I spliced some feathers a couple years ago and ended up with some sharp looking arrows.  White/orange feathers and white/orange dip.  I wish I had some better pics of them, but this is all I could find.


----------



## ChrisSpikes (Dec 1, 2009)

Just found these hidden in a corner.  They're pretty trashed, but you can get an idea.


3 fletch w/white & orange cock feather






3 fletch w/white & orange cock feather






4 fletch w/alternate white & orange


----------



## BGBH (Dec 1, 2009)

I'm kinda partial to chartuese....3 -5.5 high back shields...


----------



## SOS (Dec 1, 2009)

I mostly shoot wild turkey feathers - not bright, but always use a white nock and predominately white cap/cresting for visability.  Also photo's of some nice yellow and black fletch and cresting.

Steve


----------



## ky_longbow (Dec 1, 2009)

i kinda like orange........5.5" high back shields, and 5.5 "nanners"


----------



## Barry Duggan (Dec 1, 2009)

Doug, is the fletching on one of those arrows kinda on the pink side of orange?


----------



## Jake Allen (Dec 1, 2009)

I like 'em all, and colorful.
Making arrows is fun, and relaxing for me. It is like reloading bullets, except I can shoot the arrow right away.
These are some I have made in the last few months.
I do the make shift cresting using scrap  pieces of sign making vinyl.


----------



## ky_longbow (Dec 1, 2009)

Barry Duggan said:


> Doug, is the fletching on one of those arrows kinda on the pink side of orange?




nope, they are all orange..............guess its just the cam or unnatural light in the house, didnt use a flash.......


----------



## BkBigkid (Dec 1, 2009)

Jake Allen said:


> I like 'em all, and colorful.
> Making arrows is fun, and relaxing for me. It is like reloading bullets, except I can shoot the arrow right away.
> These are some I have made in the last few months.
> I do the make shift cresting using scrap  pieces of sign making vinyl.



those are some sharp Looking arrows,


----------



## jcd465 (Dec 2, 2009)

Thank you for the pics and the great ideas shared. The four fletch has really got me thinking. In the past I have only used three. The two orange two green looked sharp.


----------



## OconeeDan (Dec 2, 2009)

BGBH, (or anyone who knows), do you find that deer pick up on those big chartreuse feathers at all?  That is by far the easiest color for me to see in low light, but I have avoided it because I didn't know if deer may pick up on it.  
Deer are not TOTALLY colorblind, studies show they can see some shades of blue and yellow.  
Dan


----------



## BGBH (Dec 2, 2009)

Dan,I've been picked off before not sure if the fletch color has anything to do with it..lol.I guess a fellar could use a fletch cover over his quiver so the only one showing was the one on the string....


----------



## Bubbaforsure (Dec 2, 2009)

Jake Allen said:


> I like 'em all, and colorful.
> Making arrows is fun, and relaxing for me. It is like reloading bullets, except I can shoot the arrow right away.
> These are some I have made in the last few months.
> I do the make shift cresting using scrap  pieces of sign making vinyl.

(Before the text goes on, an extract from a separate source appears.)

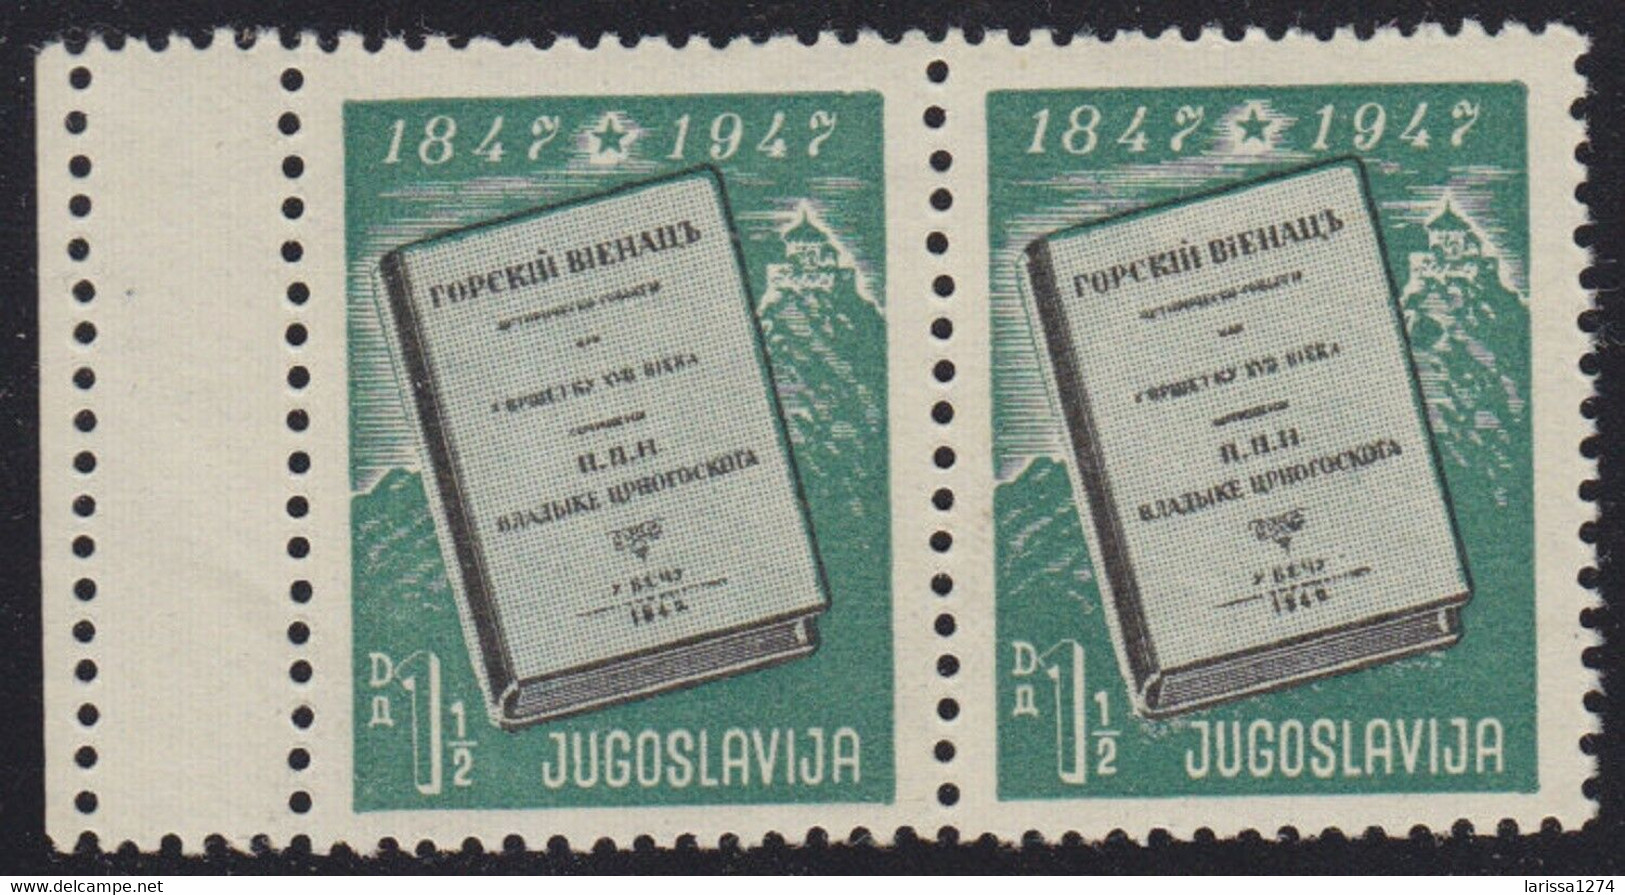 536.Yugoslavia 1947 PP Njegos ''The Mountain Wreath'' ERROR Double Perforation MNH Michel 512 - Non Dentelés, épreuves & Variétés

  Now............That's some prutty stuff right there  
Nice job!


----------



## ChrisSpikes (Dec 2, 2009)

OconeeDan said:


> BGBH, (or anyone who knows), do you find that deer pick up on those big chartreuse feathers at all?  That is by far the easiest color for me to see in low light, but I have avoided it because I didn't know if deer may pick up on it.
> Deer are not TOTALLY colorblind, studies show they can see some shades of blue and yellow.
> Dan



In the past, I have always removed my bow quiver when I got on stand.  I usually shoot bright feathers and didn't like the bright blob waving around up there.  But this year I decided to hunt with it on the bow, since I just flat shoot better with the bow quiver on.  I don't know about the chartreuse, but I haven't had a single deer bust me yet with yellow feathers.  I'm sure you have less margin for error, but if you move at the right times you CAN get by with it.


----------



## Barry Duggan (Dec 2, 2009)

My cock feather is chartreuse. Tonight, I looked at them under a black light, and couldn't help but notice that they shined like a diamond in a goat's ...  So did orange and that is my other color.


----------



## TNGIRL (Dec 3, 2009)

I am forever indebted to JakeAllen for the beautiful arrows that he made for me!!! He chose the colors, knowing what I preferred, and within a very short period of time had me a dozen to fling!!! He really enjoys making arrows and is so quick and accurate making them!!!! Thank you so much!!!!


----------



## Jake Allen (Dec 4, 2009)

Bubbaforsure said:


> Now............That's some prutty stuff right there
> Nice job!



Thank you!


----------